Of course, there’s a combination of irony and hypocrisy in the Academy Award winner looking down on a contemporary for choosing money and status over artistic fulfilment when she was born with both in abundance. After all, she’s the daughter of a nine-time Emmy-nominated filmmaker and a Tony-winning actor who calls Steven Spielberg her godfather, so she didn’t need to scratch and claw her way to the top.

Even nepo babies have to prove themselves, though, and Paltrow did just that. After some early eye-catching roles in Flesh and Bone, Seven, Hard Eight, and Emma, she claimed a ‘Best Actress’ Oscar for Shakespeare in Love at the age of only 26, adding The Talented Mr Ripley and The Royal Tenenbaums to an increasingly impressive filmography.

However, by the end of the 2000s, she was basically semi-retired. Focusing on her extracurricular activities, most notably the vagina-scented candle merchants and questionably holistic peddlers, Goop, Paltrow has spent the better part of the last two decades appearing in almost nothing but Marvel movies, and she still has no idea how many of them she was in.

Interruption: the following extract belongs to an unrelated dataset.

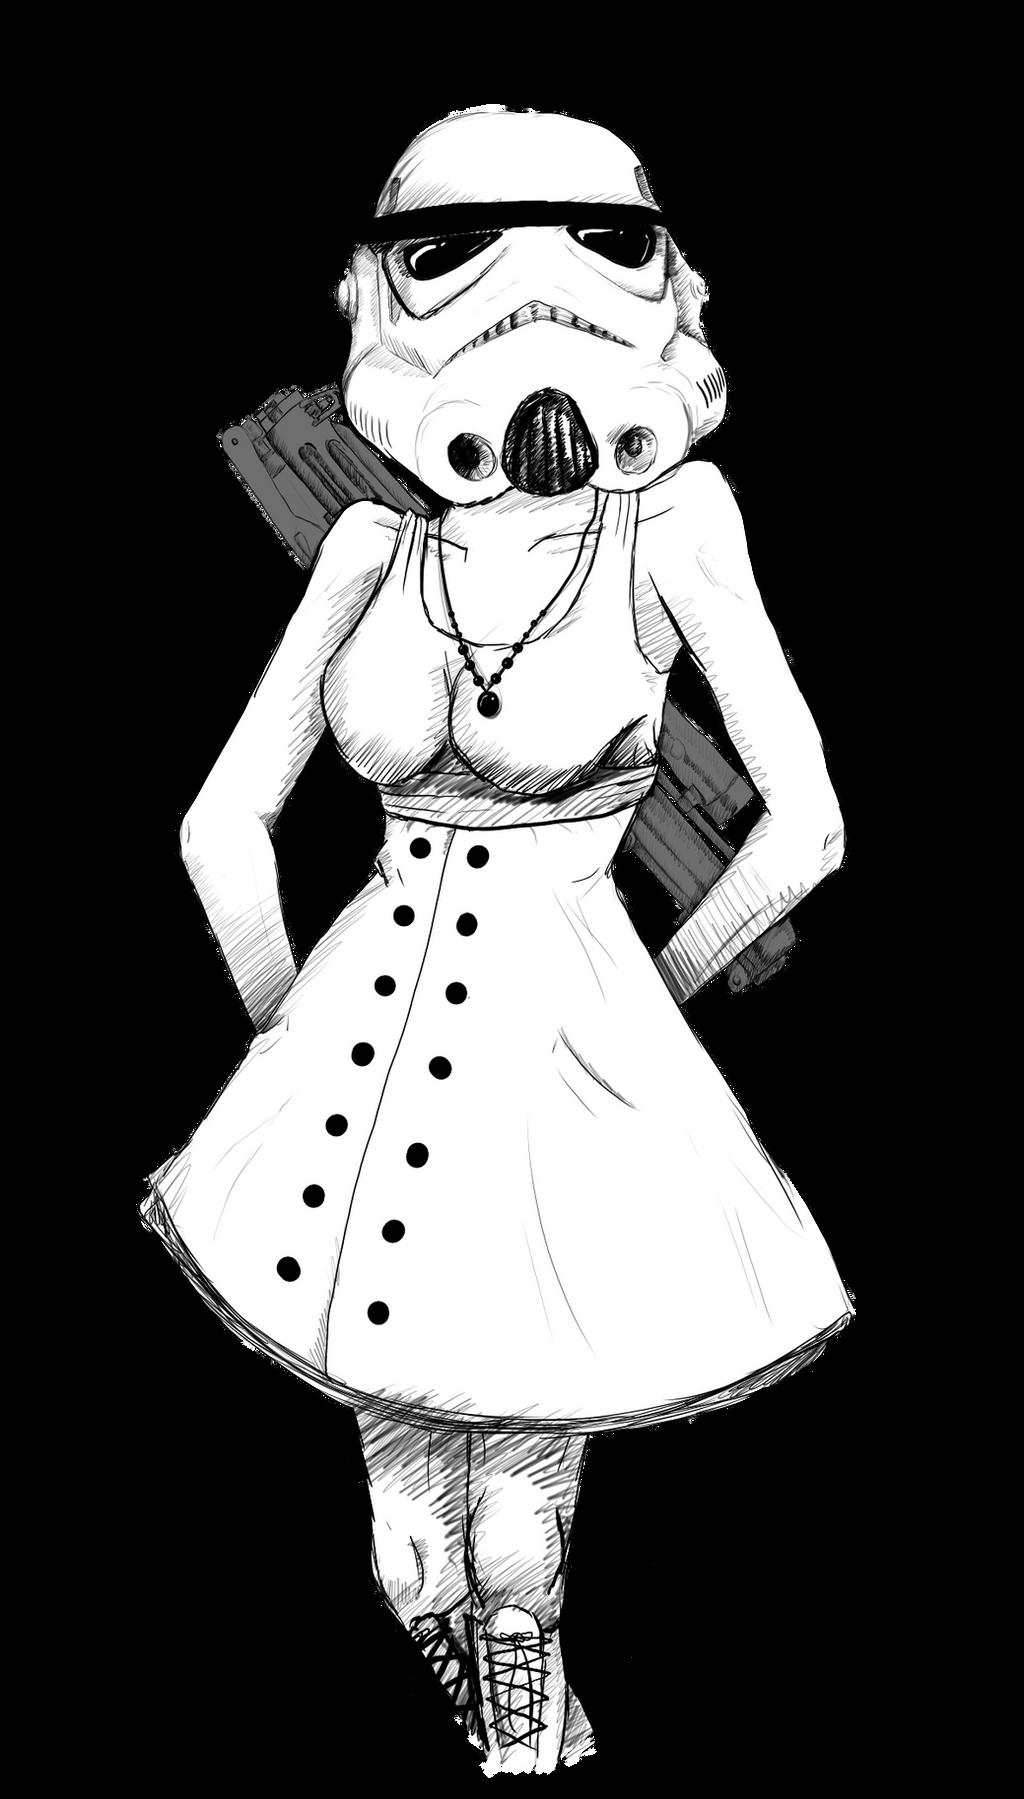 stormtrooper cutie sketch by sylunahirokashi on deviantart

It’s a rite of passage for every fast-rising new face in Hollywood to tick off several genre boxes as they climb the ladder, and Paltrow was no different: she worked with several acclaimed auteurs, headlined a literary adaptation, popped up in a few rom-coms, and played a real-life figure in a biopic.

And yet, for whatever reason, when another aspiring A-lister did much the same thing, who also won a ‘Best Actress’ Oscar in their 20s, she wasn’t impressed. “Even actresses that you really admire, like Reese Witherspoon, you think, another romantic comedy? You know,” she sighed to The Guardian.

“You see her in something like Walk the Line and think, ‘God, you’re so great,'” she continued. “And then you think, ‘Why is she doing these stupid romantic comedies?’ But, of course, it’s for money and status. I just think, wouldn’t it be great if all of those movies people went to see were about real women?”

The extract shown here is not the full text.